Task item: Would you transcribe the entries below, beginning at the line with "علبة تجميع أسطوانة" and ending after the line with "Crema e Gusto", exactly, with no picture and nothing more?

Task inputs:
--

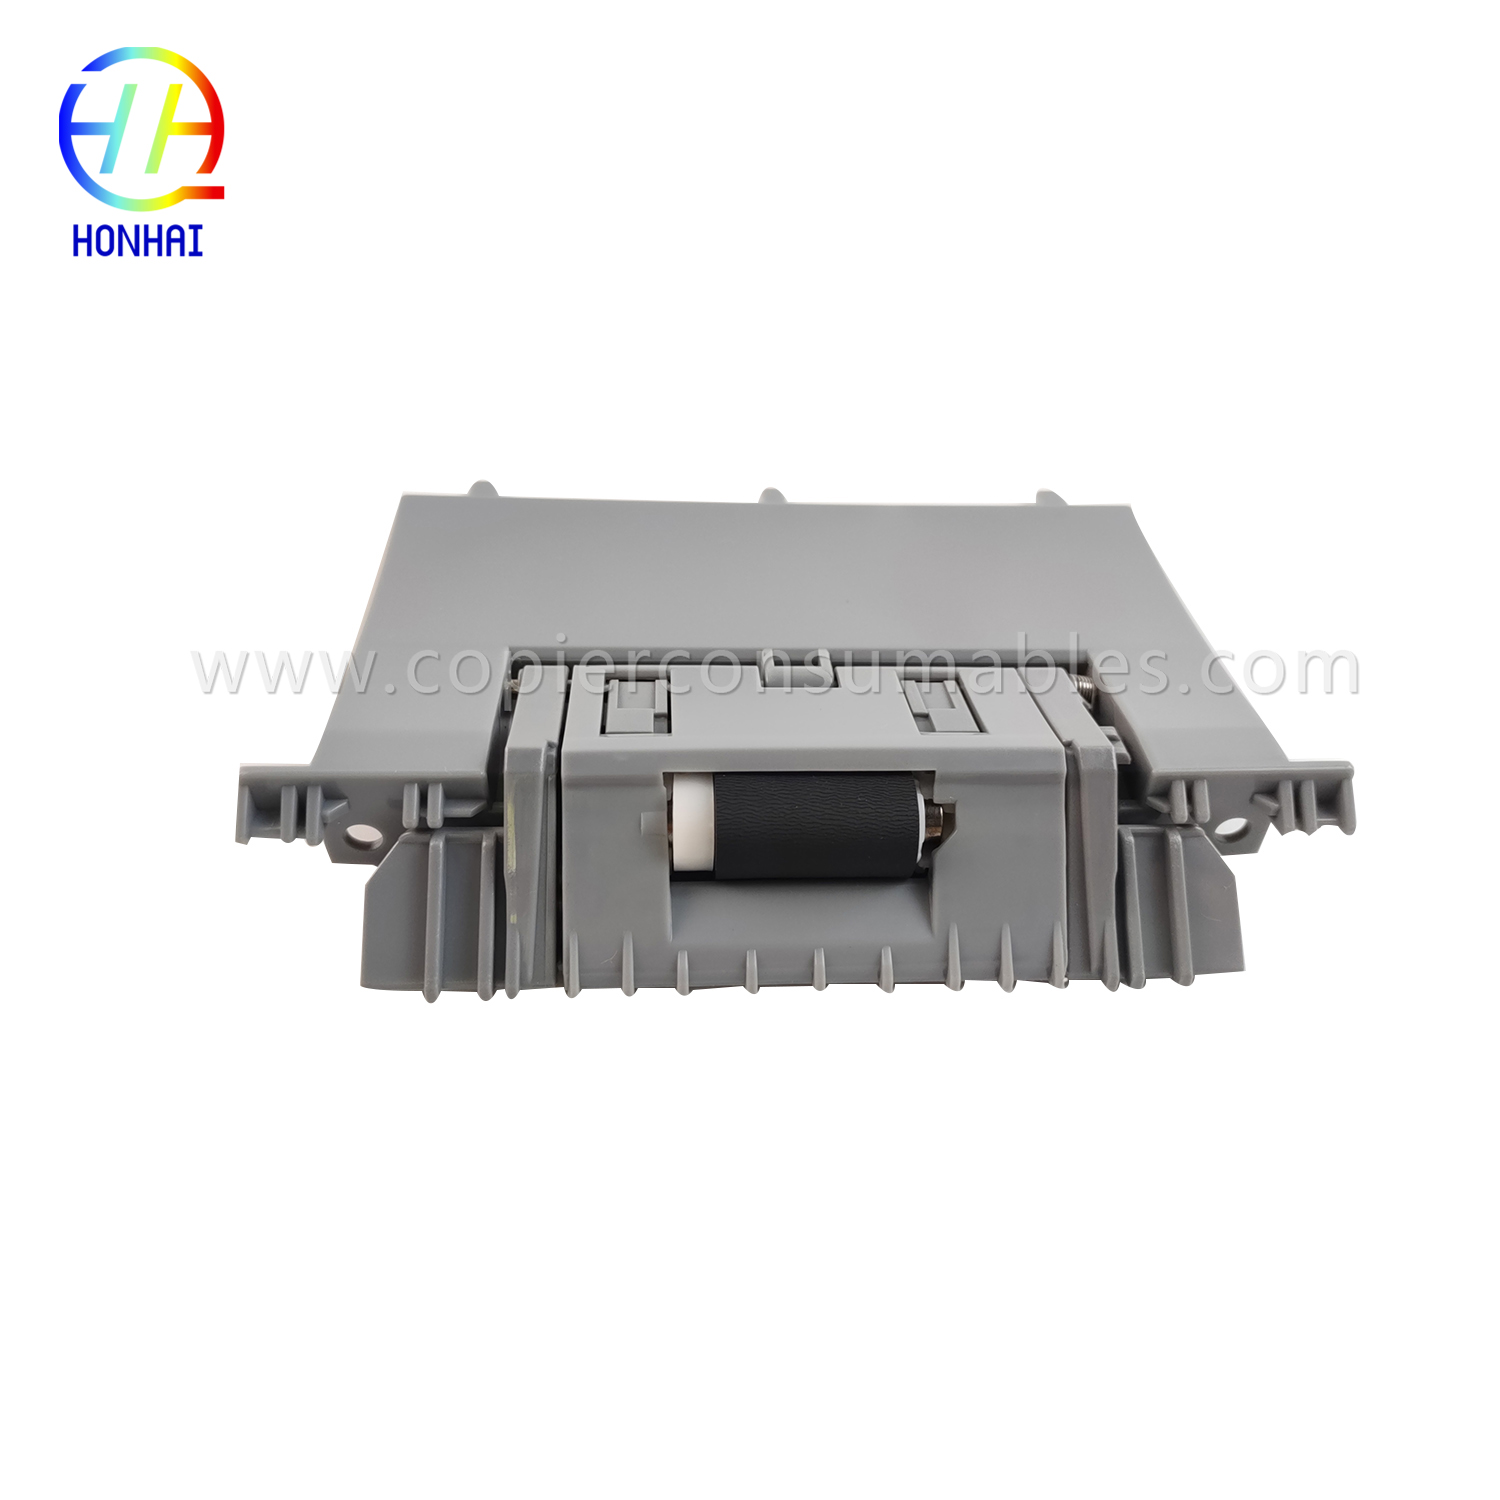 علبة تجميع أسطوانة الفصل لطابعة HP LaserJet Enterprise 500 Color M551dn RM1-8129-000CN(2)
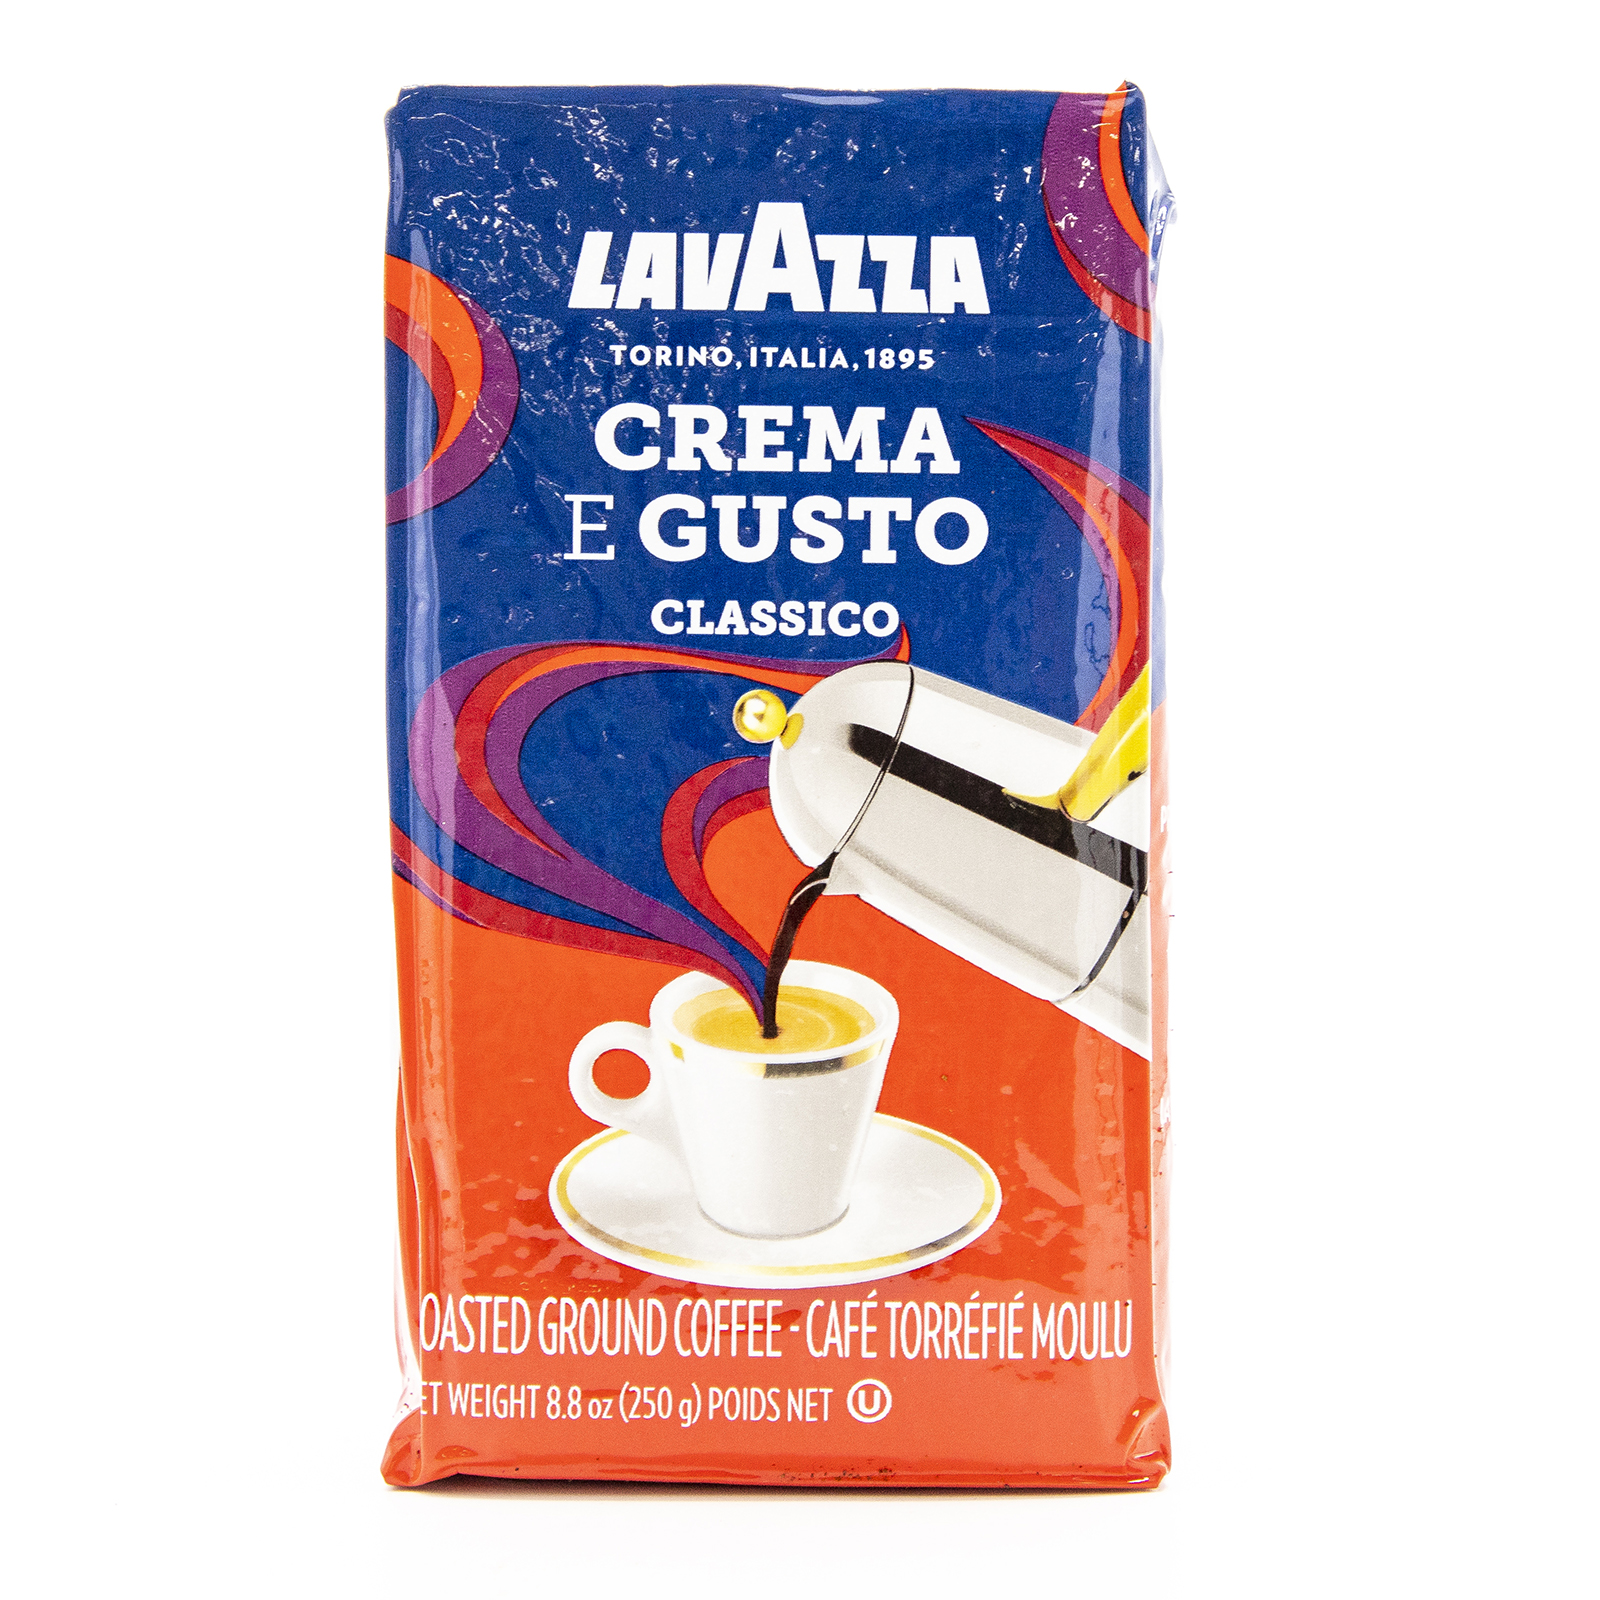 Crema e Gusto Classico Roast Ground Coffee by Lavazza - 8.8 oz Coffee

--

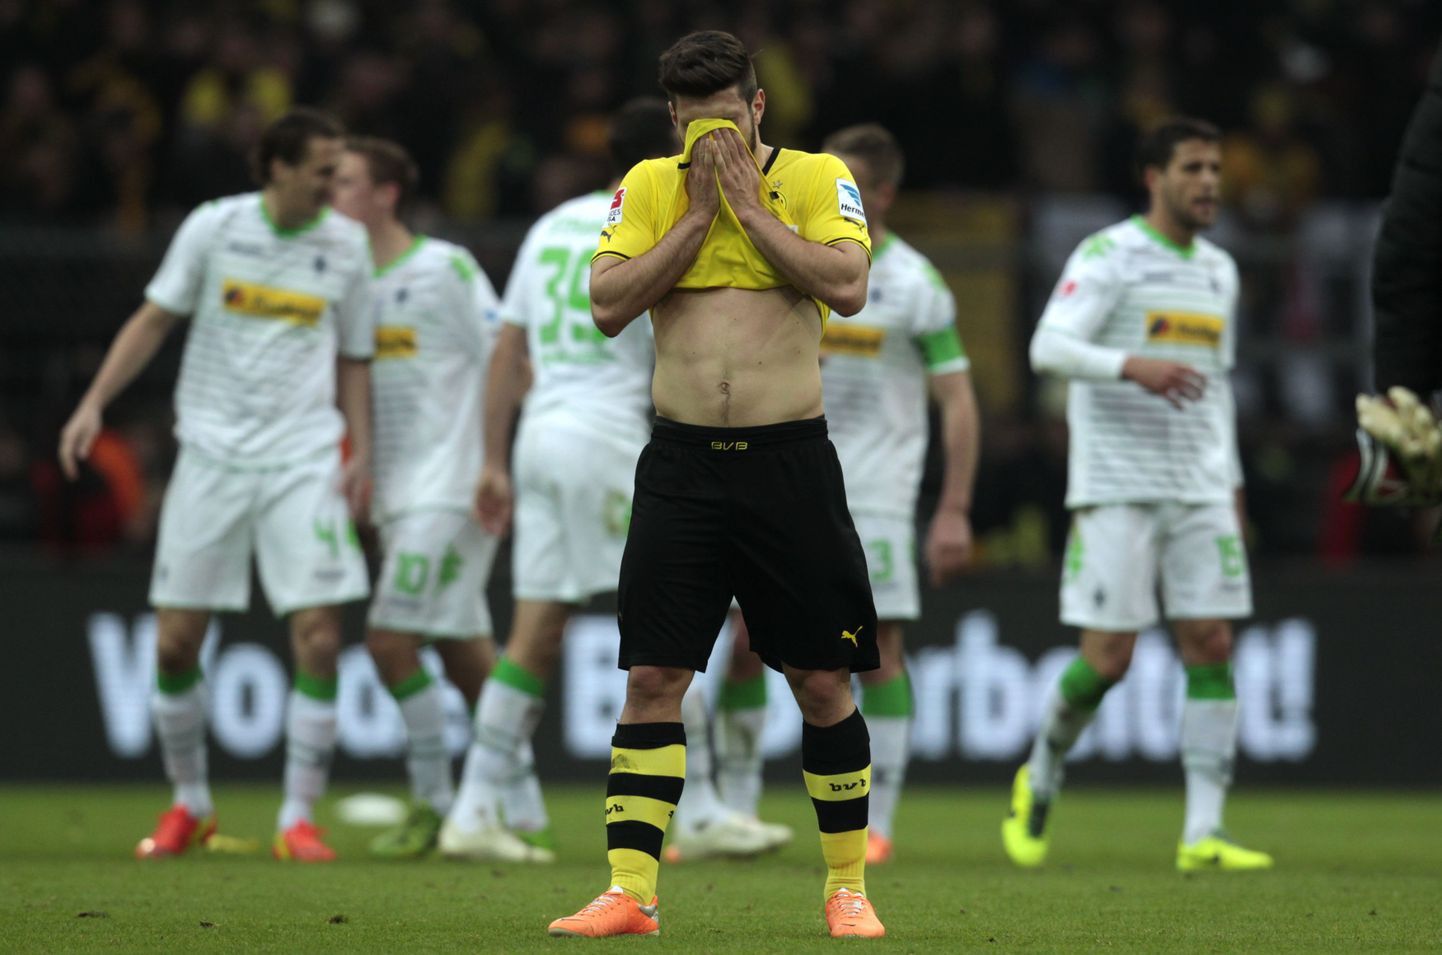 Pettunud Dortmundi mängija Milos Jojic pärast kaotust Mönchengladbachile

--

Result for this task:
 علبة تجميع أسطوانة الفصل لطابعة HP LaserJet Enterprise 500 Color M551dn RM1-8129-000CN(2)
 Crema e Gusto Classico Roast Ground Coffee by Lavazza - 8.8 oz Coffee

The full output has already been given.